En revanche, il a fallu deux heures aux pompiers pour attaquer le fameux
incendie. Ce n'est pas la faute des soldats du feu, qui ont fait de leur
mieux. « C'est une première pour nous d'opérer dans ces conditions d'accès
très difficiles », constatait après les opérations le directeur
départemental d'incendie et de secours, le lieutenant-colonel Bernard Tachet
des Combes, tout de même satisfait du déroulement des opérations.

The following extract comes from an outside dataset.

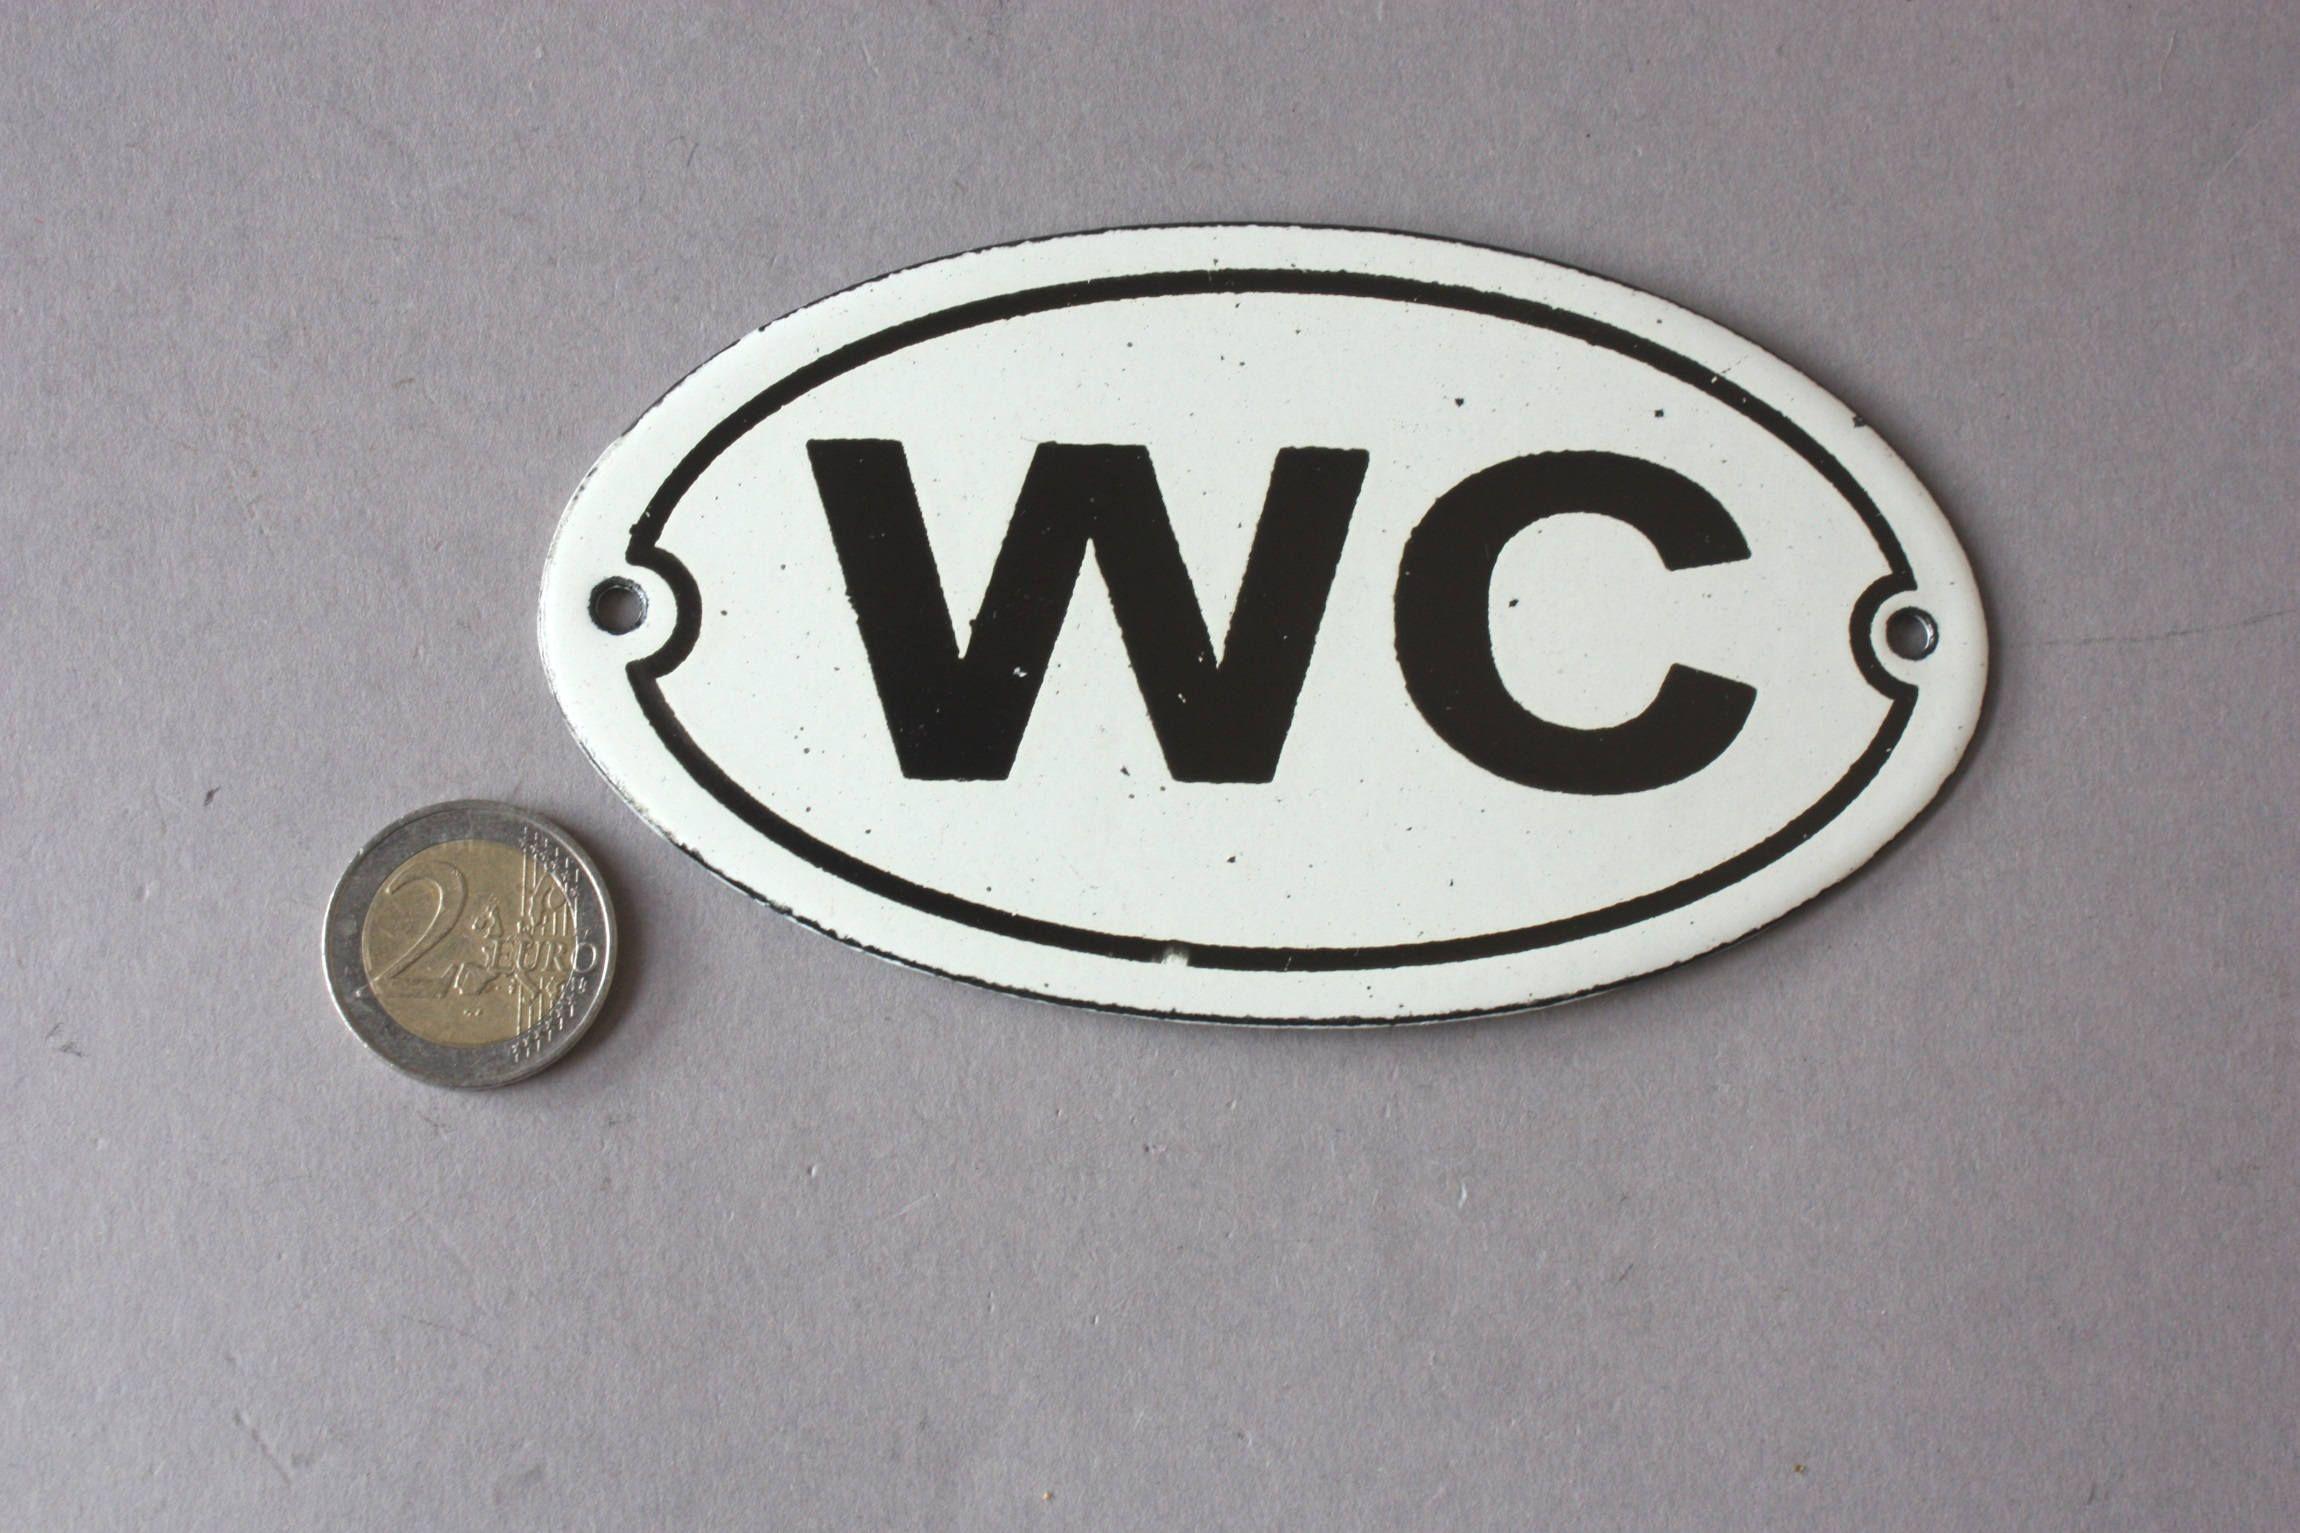 Wc Toilet Emaille Schild Shabby Emailleschild Toilette Vintage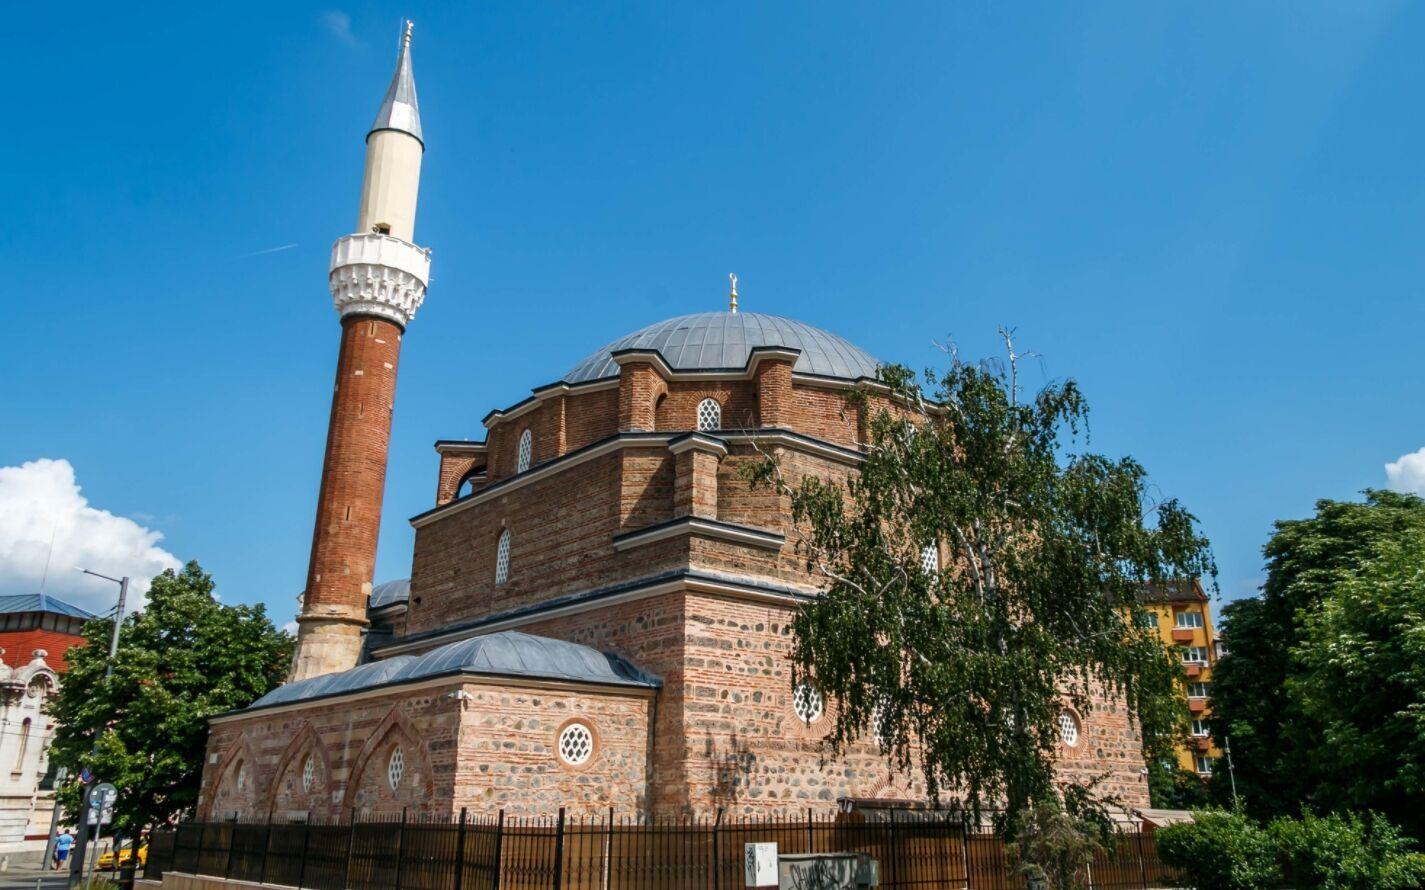 Мечеть Баня-Баши в Болгарии – одна из главных достопримечательностей страны

Mais, reconnaît le directeur de cabinet du préfet, « les victimes ne peuvent
pas survivre dans ce délai ». C'était donc tout l'intérêt de l'exercice que
de tirer un bilan réaliste des opérations: il faut prévoir des réserves
d'eau à proximité du tunnel. Une « réunion technique de suivi » aura lieu en
janvier pour en parler plus amplement. D'ici là, il faut croiser les doigts.
>>
Heureusement que les gros pépins en tunnel (du style tunnel sous la Manche)
sont rares...
Ferroviairement,
Frédéric MUSSET
Le tunnel Meudon/Chaville-Vélizy (lg RG) possède t-il une dénomination et
est il classé dangereux ?
Cordialement
a+
"Frédéric MUSSET" <Bernard...@wanadoo.fr> a écrit dans le message news:
98noul$244$1...@wanadoo.fr...
> Dans le même ordre d'idées, et sur la même ligne, j'ai envie de citer le
> tunnel de la Bégude (1723 m), entre Ste-Cécile d'Andorge et Chamborigaud,
> lui aussi en rampe de 33, mais dans lequel je ne crois pas qu'on puisse
> rebrousser...
Y a pas de 33 pour mille sur les Cévennes mec.
25 maxi
A+
Olivier
--
Surement. D'ailleurs lors de sa construction, y avait eu un éboulement qui
avait tué des dizaines d'ouvriers. C'était juste avant l'exposition
universelle de 1900. A chaque fois que j'y passe, ça fait un poil peur. Le
terrain dans le coin est très instable.